● What the exercise asks: Without any of its pictures, the listing below should be output exactly.

● Input data:
========================================================================
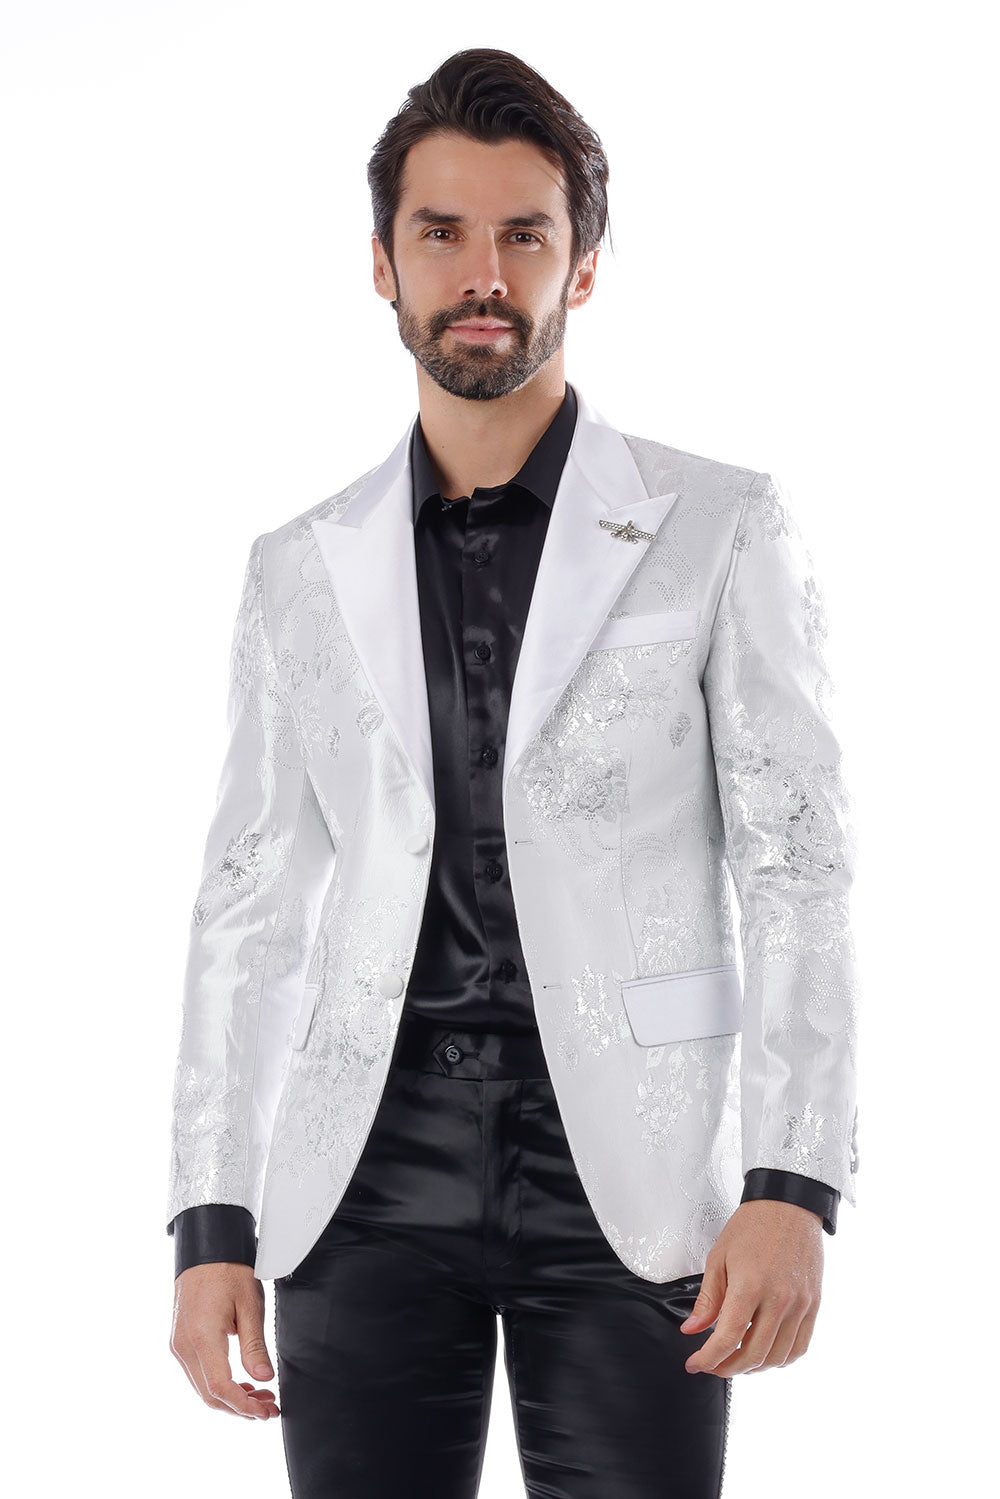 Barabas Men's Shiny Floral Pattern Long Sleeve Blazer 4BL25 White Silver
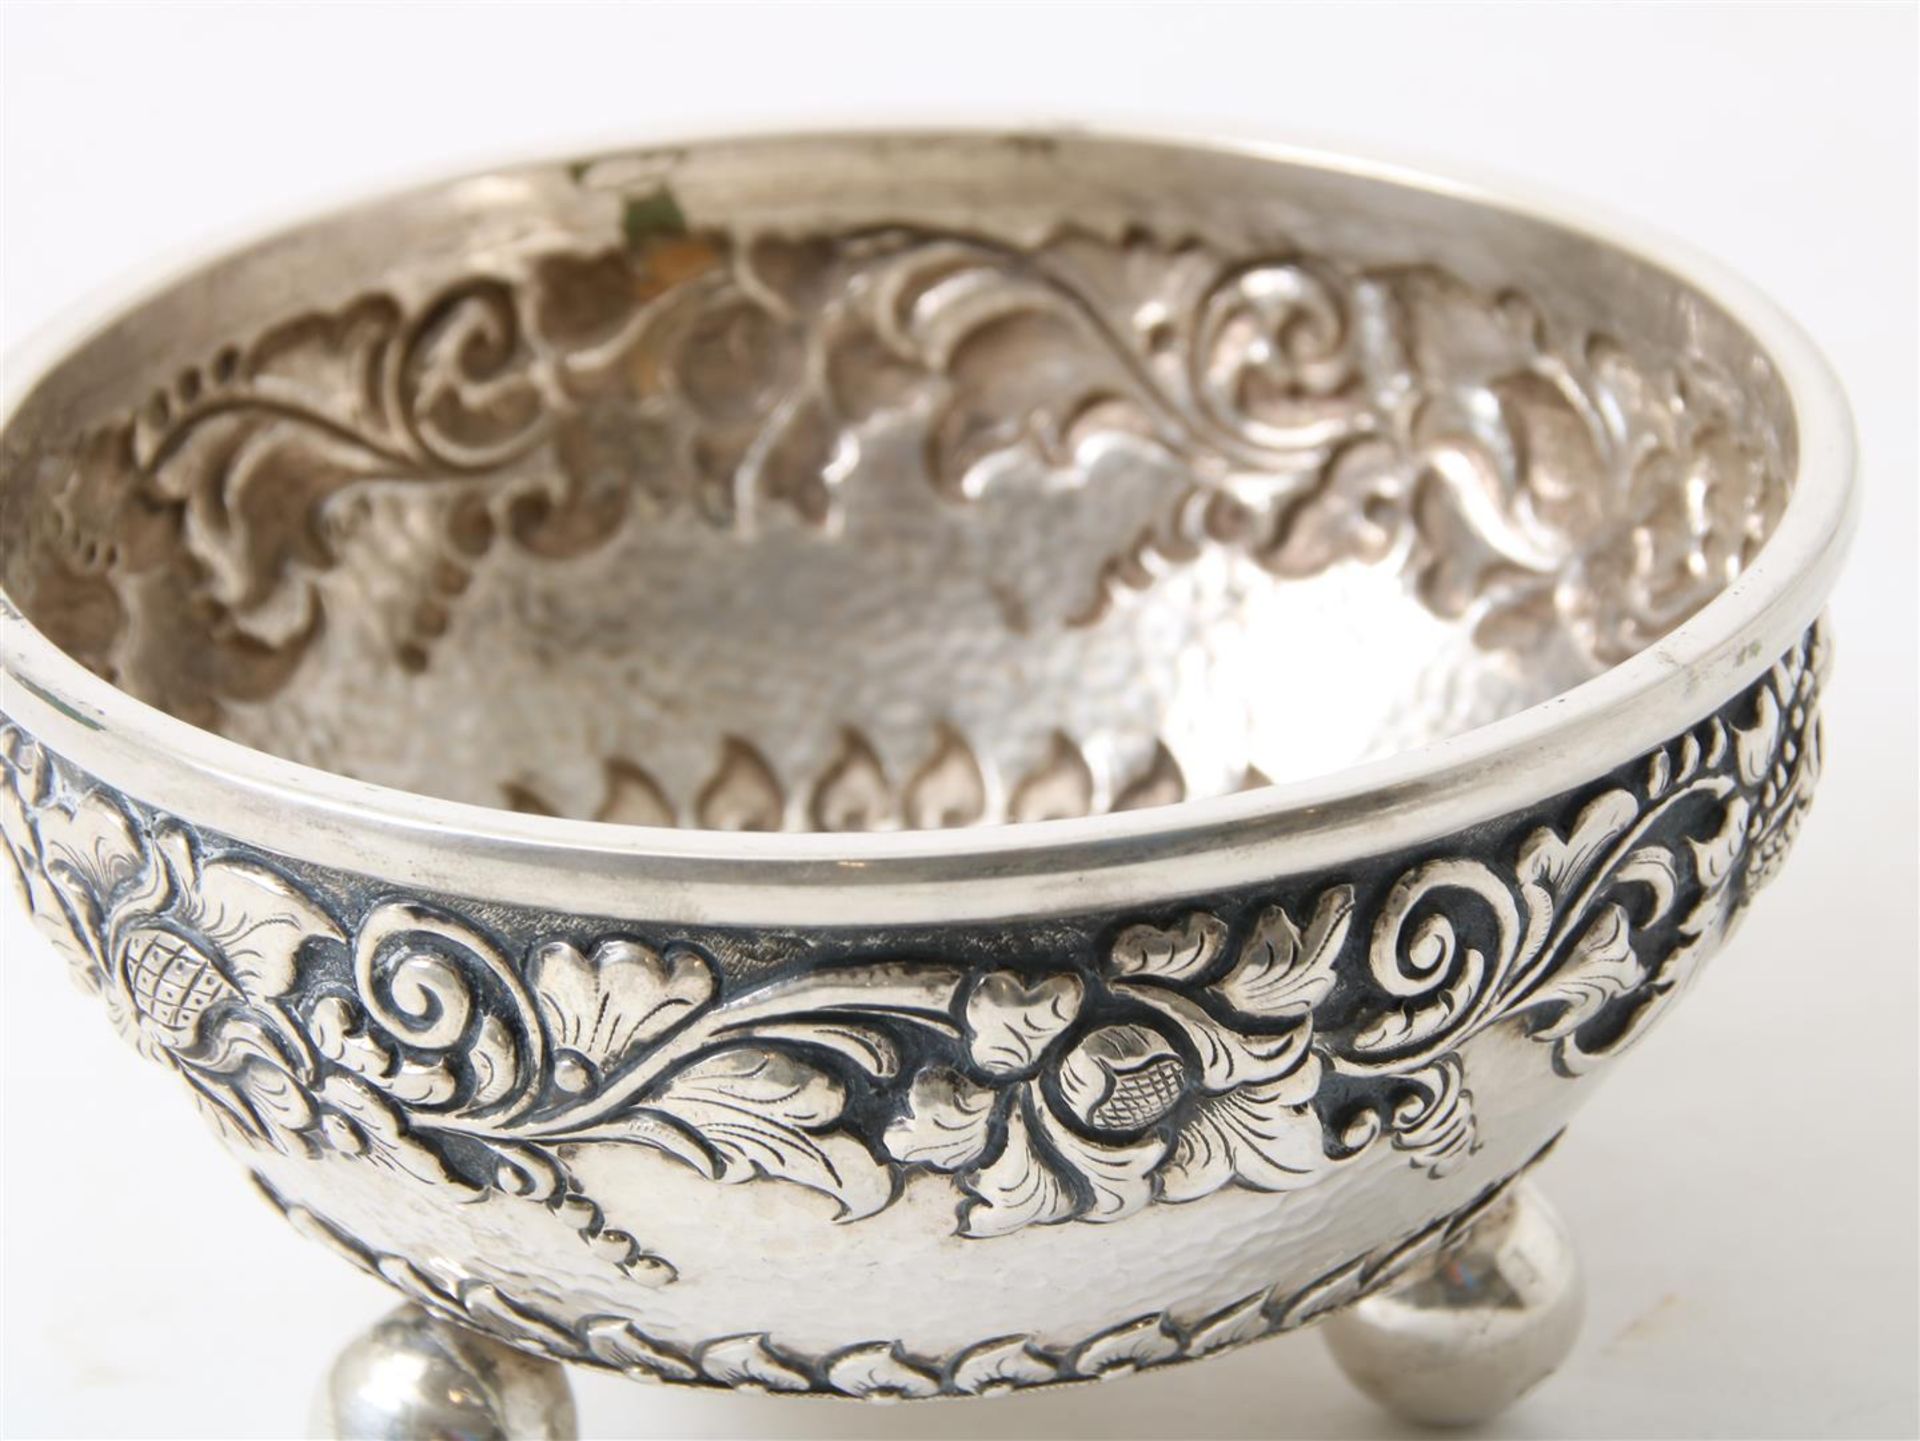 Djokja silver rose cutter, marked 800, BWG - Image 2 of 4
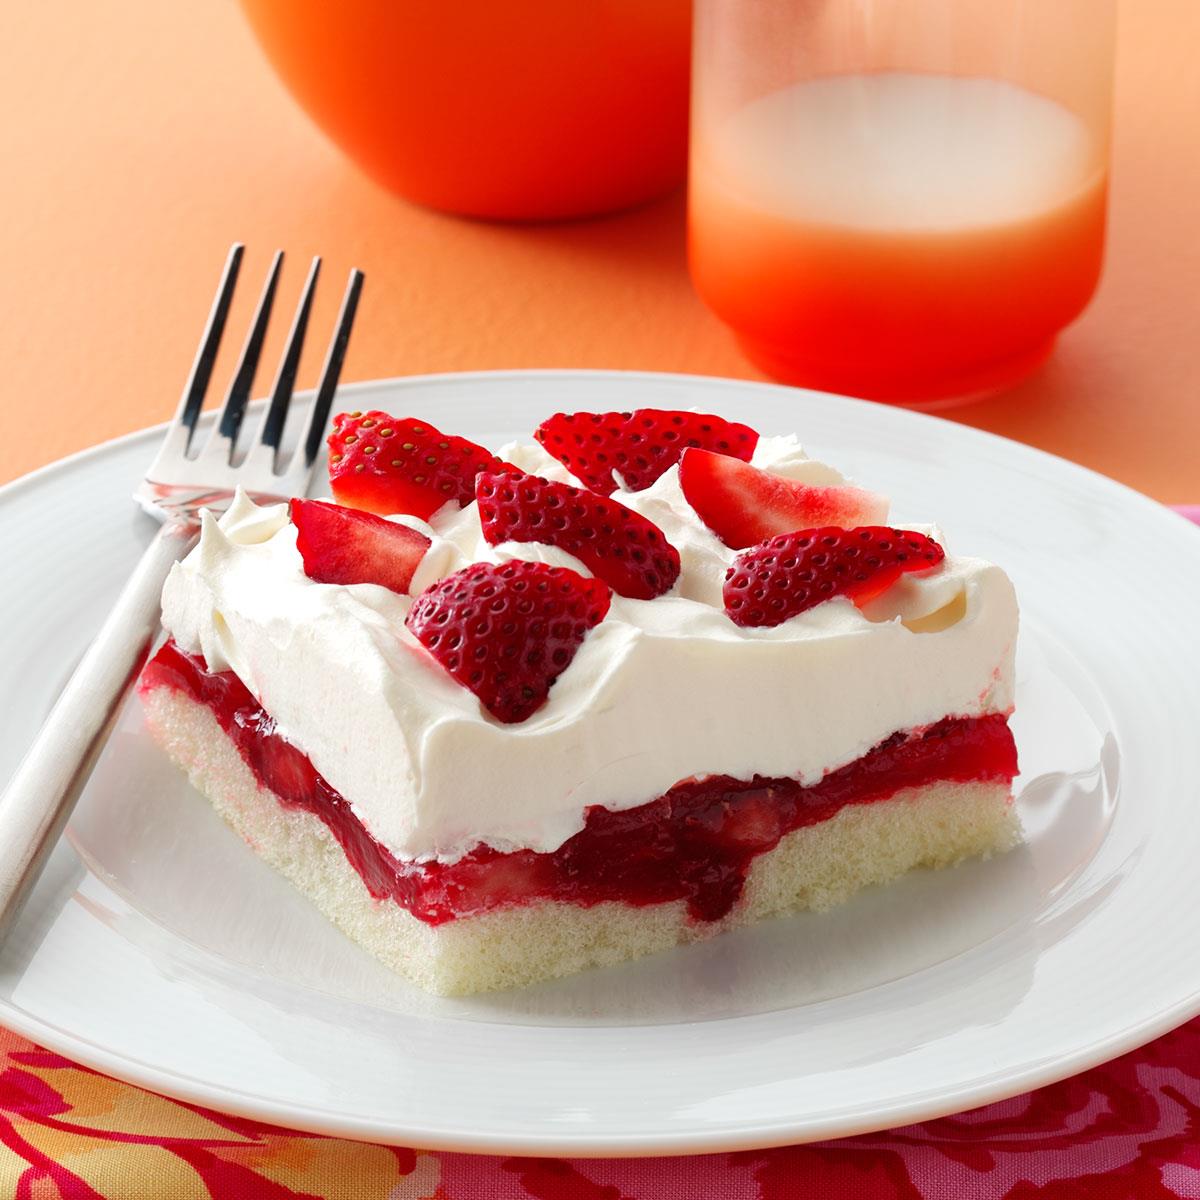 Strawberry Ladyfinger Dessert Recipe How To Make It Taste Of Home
========================================================================
● Exercise response:
 Barabas Men's Shiny Floral Pattern Long Sleeve Blazer 4BL25 White Silver
 Djokja silver rose cutter, marked 800, BWG - Image 2 of 4
 Strawberry Ladyfinger Dessert Recipe How To Make It Taste Of Home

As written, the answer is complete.